Analyses of male and female meiosis in the gene edited Vuspo11-1 mutant relative to wildtype. ae DAPI staining of wild-type male meiocytes (n = 22). a Diakinesis stage. b Metaphase I with 11 aligned bivalents. c Anaphase I. d Metaphase II with 11 sister chromatids separating to each pole. e Tetrads with decondensed chromatin. f to n DAPI staining of male meiocytes in the Vuspo11-1-edited plant. f Diakinesis stage, bivalent formation is not observed. g At the end of the prophase, 22 fully condensed chromosomes are observed. h Metaphase I with 22 univalents. i Random segregation of unpaired chromosomes at anaphase I. j Telophase I with micronuclei and chromosome loss. k Triads are observed at the end of meiosis I. l, m Second meiotic divisions result in sectors with variable number of chromosomes. n Tetrads with unbalanced chromosome numbers (depicted) and polyads with more than four nuclei are common (not shown). o Released microspore with one nucleus (arrowhead) and two micronuclei (open arrowhead; DIC microscopy). p DIC microscopy of female meiosis at metaphase I in wild-type with 11 bivalents indicated by the arrowhead. q Wild-type linear tetrad of female megaspores. Transverse cell walls separating megaspores are marked with arrowheads. ru DIC microscopy of female meiosis in the Vuspo11-1-edited plant. r A meiotic spindle during anaphase I highlighted in yellow. s Cytokinesis does not occur at the end of meiosis in some of ovules. Nuclei are highlighted in yellow. t Mutant linear tetrad with four megaspores. Arrowheads are pointing towards incomplete cell plates. u Aborted megaspores. Scale bars: an = 10 µm, ou = 20 µm

Discussion

Breeding programs targeting cowpea improvement are focused on increasing seed yield. Collectively this involves improvements in a number of physiological and developmental pathways including those promoting water use efficiency, stress and disease resilience, increased photosynthetic capacity and manipulating reproductive processes for flowering time and high seed set. Identification of critical genes, and use of synthetic biology approaches, involving targeted mutagenesis and relevant promoters to direct gene expression are key elements in combination with breeding programs supporting cowpea yield increases.
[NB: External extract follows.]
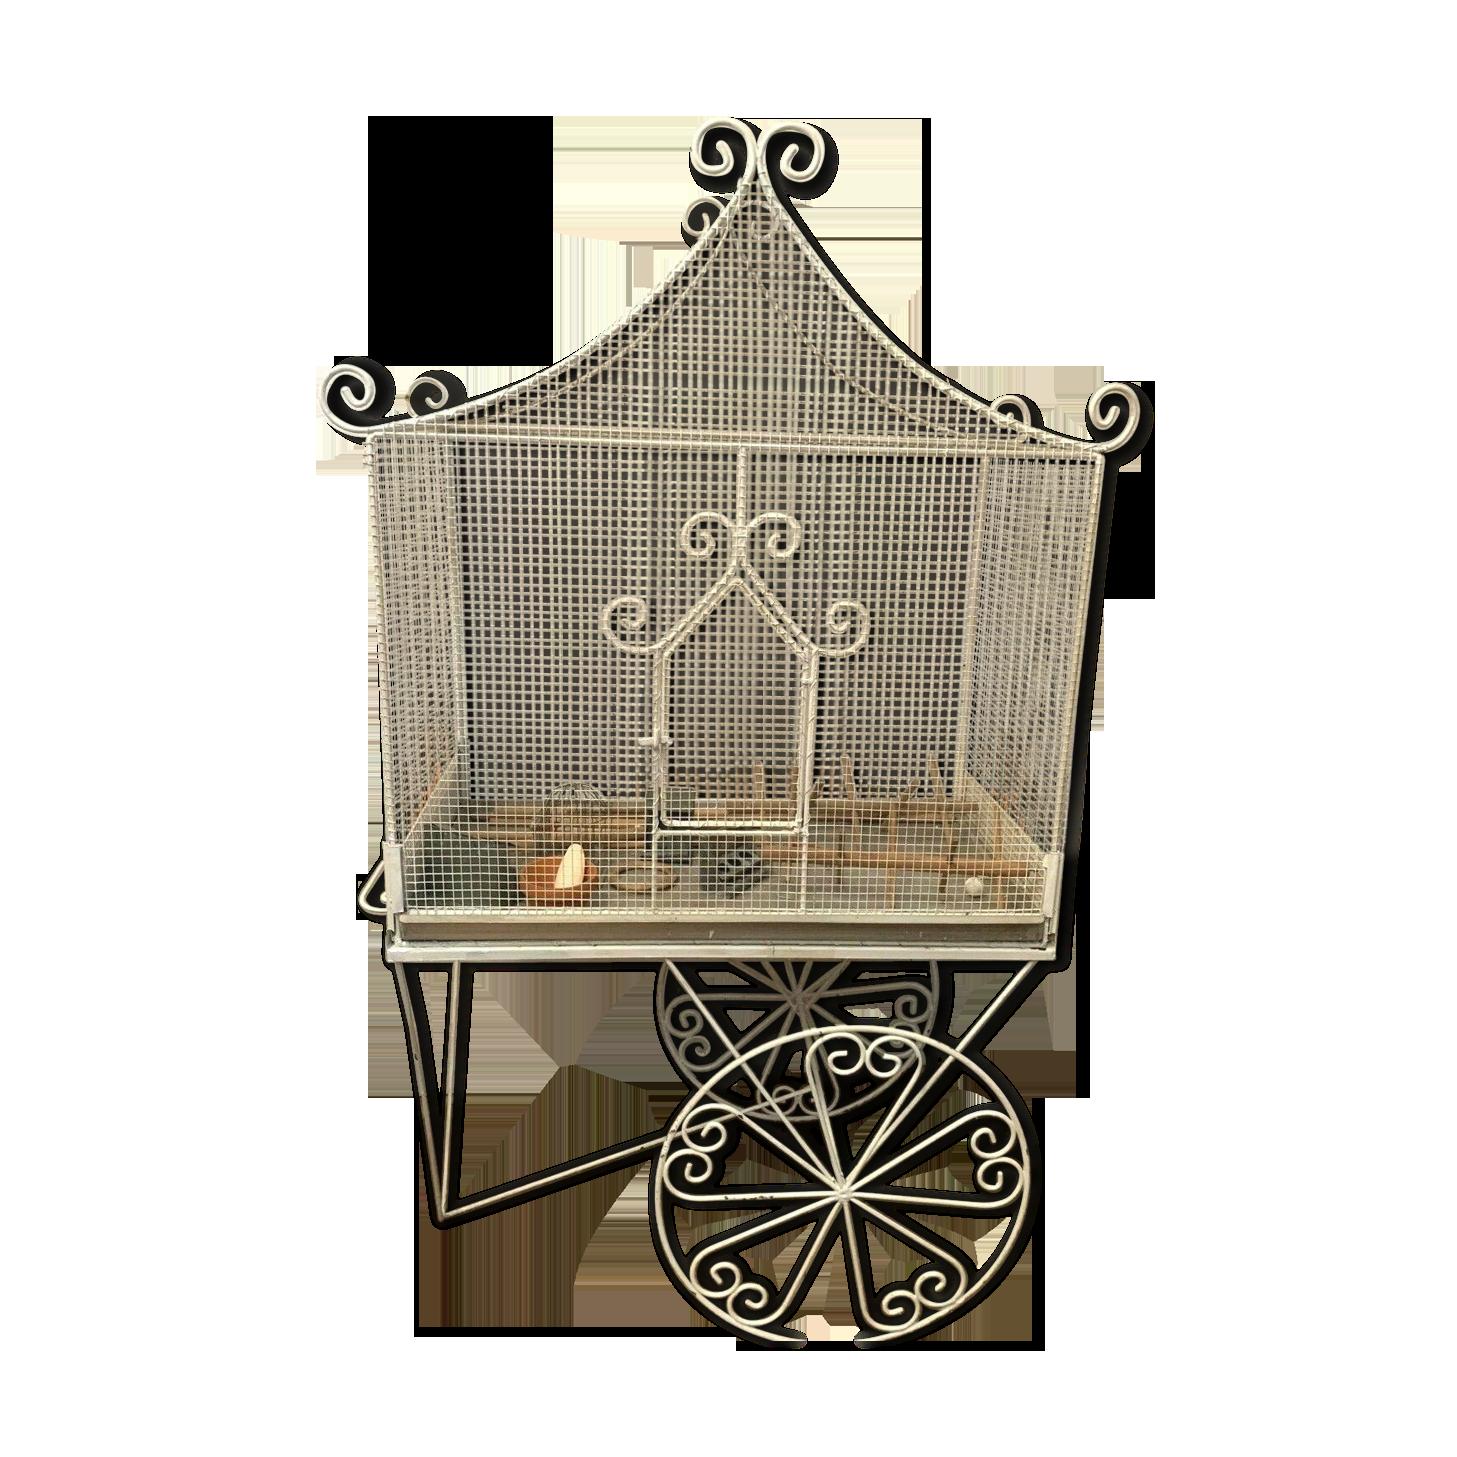 8 4cm Cages /à Oiseaux en Forme de m/étal CAOLATOR Petite Cage /à Oiseaux Int/érieur Ext/érieur ou Voli/ère D/écorative de Forme en Fer Patin/é 14
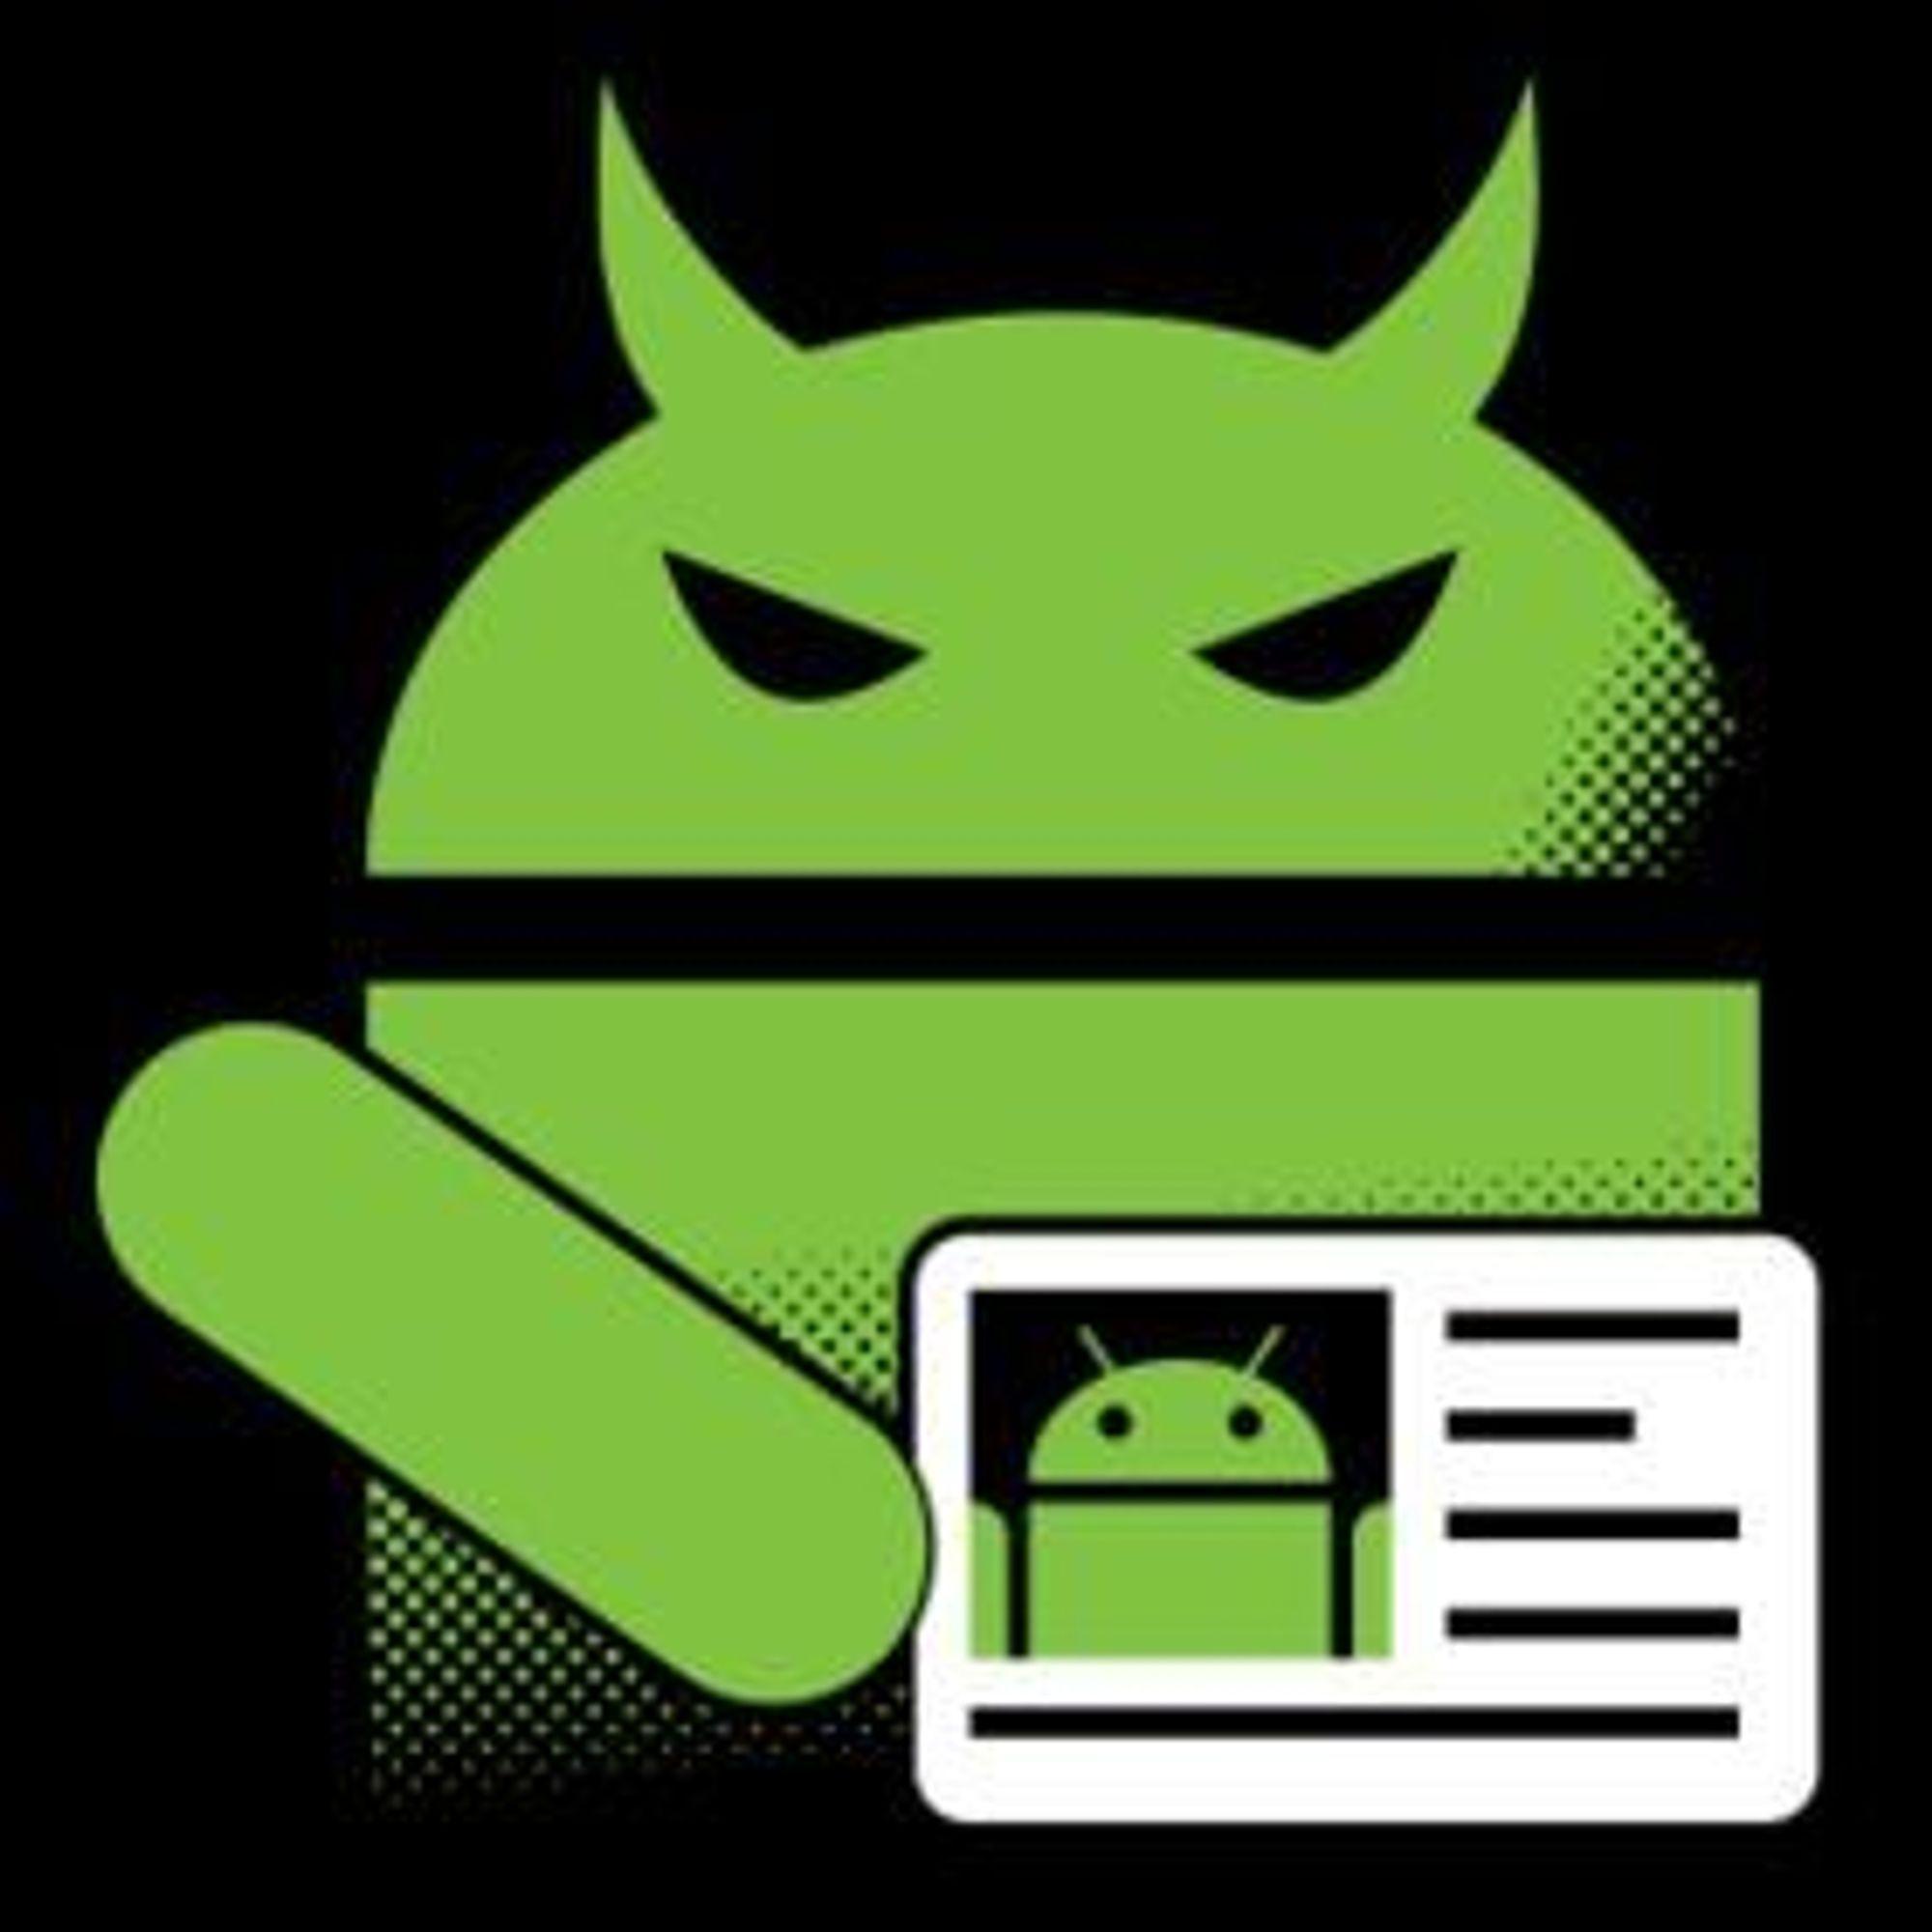 Sårbarheten gjør det mulig for Android-applikasjoner å bruke falsk ID.

Meiosis needs to be altered to facilitate the induction and use of asexual reproduction in cowpea to preserve complex traits including hybrid vigor and accelerate breeding [9]. We therefore identified cowpea SPO11-1, REC8, and OSD1 meiosis genes for collective gene editing to induce mitosis from meiosis, or the MiMe phenotype [11]. Analyses of the expression of these genes in cowpea and protein localizations, indicated that gene products are not specific to meiotic cells. This has been observed for meiosis associated genes in other species and suggests that cell-specific factors and protein–protein interactions are critical for enabling and regulating meiotic processes [10]. The sequence and phylogenetic analysis of these three cowpea meiosis genes with those identified in seven other legumes provided information on conserved regions. These data, in conjunction with that from mutant analyses in other species guided the choice of regions to target for gene editing.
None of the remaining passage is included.